Recalled Matthew S. Holland:
“As we concluded, my father shared the following:
“‘Children, there was once a diligent farmer who tried to do everything right. He never worked on Sunday. He always paid his tithing. He regularly served others with kindness and generosity. But come October, his fall harvest was paltry. By contrast, his neighbor was a vain and worldly man. He worked every Sunday. He hoarded every dollar he ever made. He acquired additional lands through questionable means. Yet, come fall, the worldly farmer enjoyed a bumper crop. In his vanity, the worldly farmer gloated about this to his poor neighbor.’
“At this point in the story, my father’s voice broke and tears started to trickle down his face as he continued.
“‘The righteous farmer replied, ‘God does not settle his accounts in October.”
“Whatever other virtues my father had, the greatest source of his sweeping, righteous influence was his faith, his deep, rock-ribbed conviction that Jesus Christ is always and forever the unimaginably generous rewarder of them that diligently seek him. Nothing – absolutely nothing – could persuade him that God was anything other than a high priest of good things to come and that the restored gospel was a true gospel of happy endings, particularly for those who do their best to keep the commandments, receive their priesthood ordinances and honor their eternal covenants.

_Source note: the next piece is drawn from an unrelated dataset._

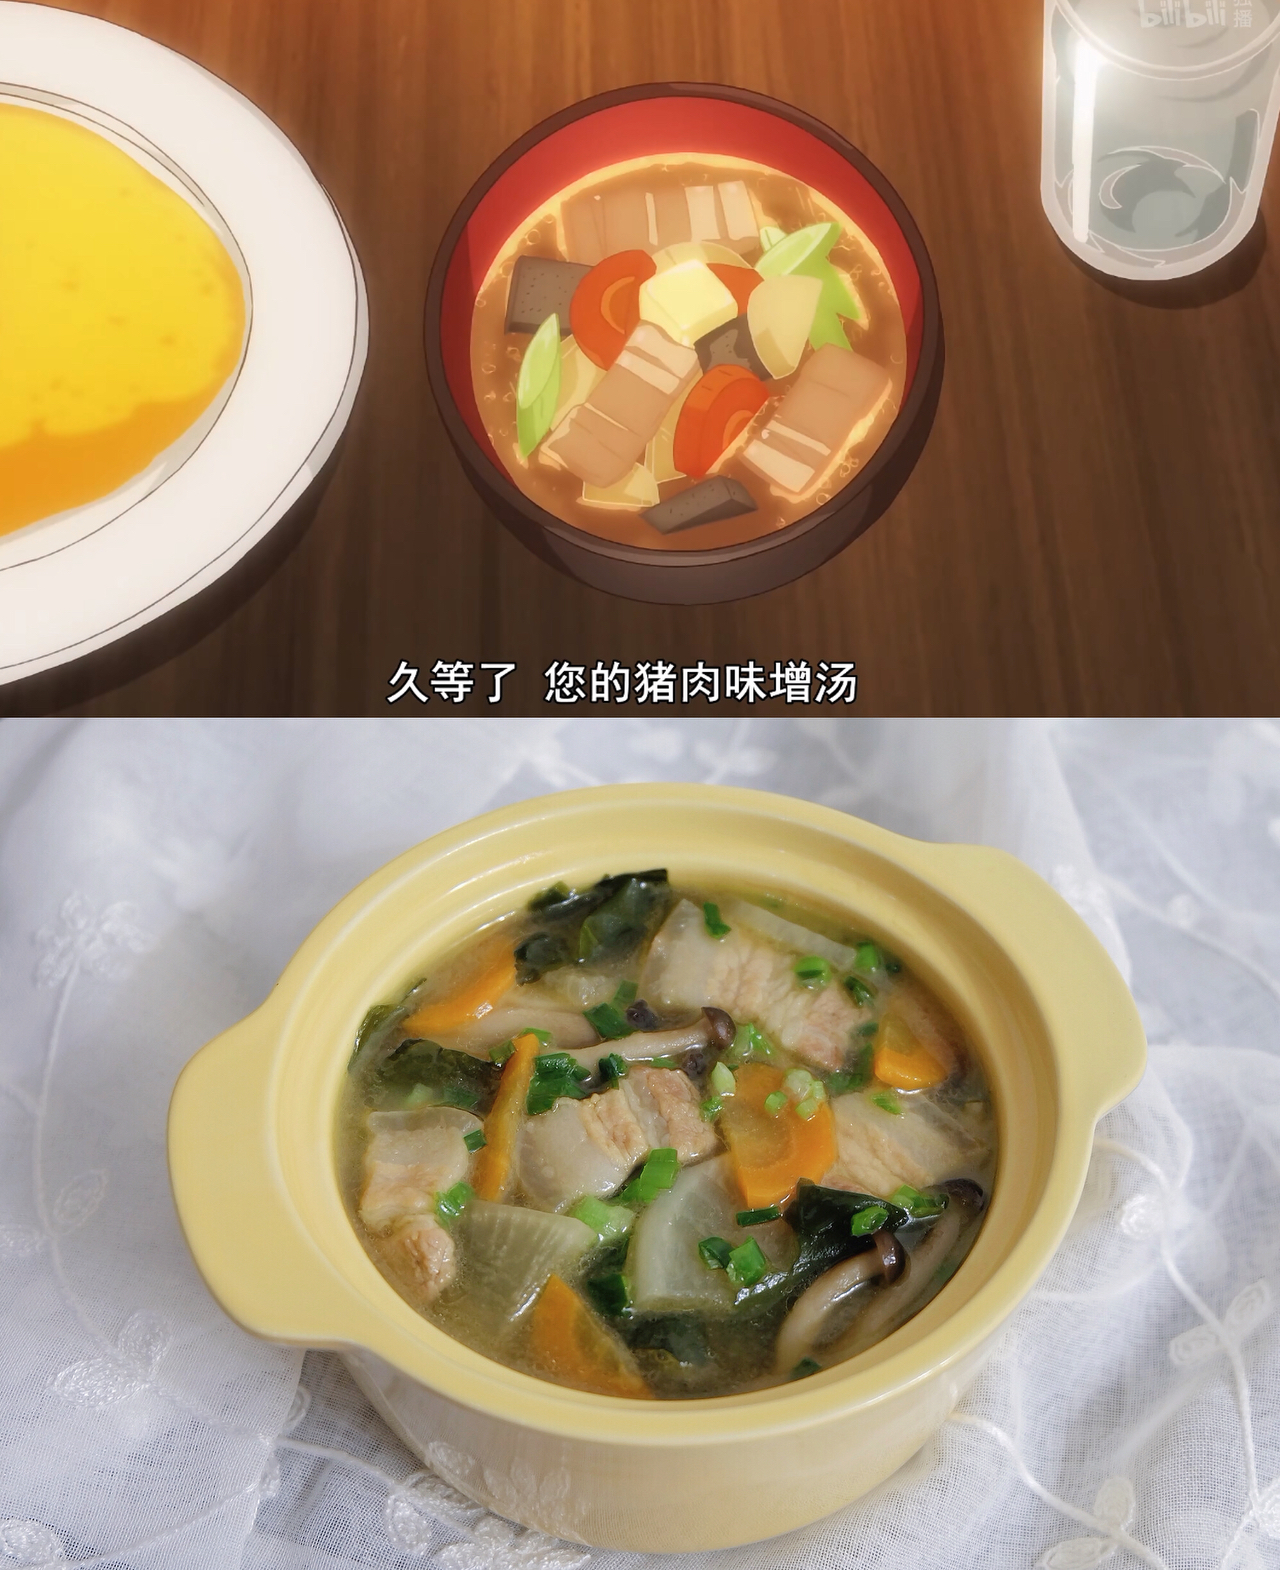 味增系列 - 究极纯粹的猪肉味增汤

“Such faith is the thing we all most need and the thing he most wanted to share.”
Matthew S. Holland said that 3:15 a.m. on Dec. 27, 2025, marked “the beginning of the happiest endings” for his father, who he called “the most deserving man I have ever known.”
The positive and inspiring adjectives that could be used to describe President Jeffrey R. Holland based on his children’s words are numerous. How lucky we would all be if when we left this Earth, the people we were closest to described us in the way that President Holland’s children described him.
The most important thing that could be said about President Holland would be from the Lord, who I – and I’m sure every other faithful Latter-day Saint – can well imagine saying to President Holland, “Well done, thou good and faithful servant: thou hast been faithful over a few things, I will make thee ruler over many things: enter thou into the joy of thy lord.”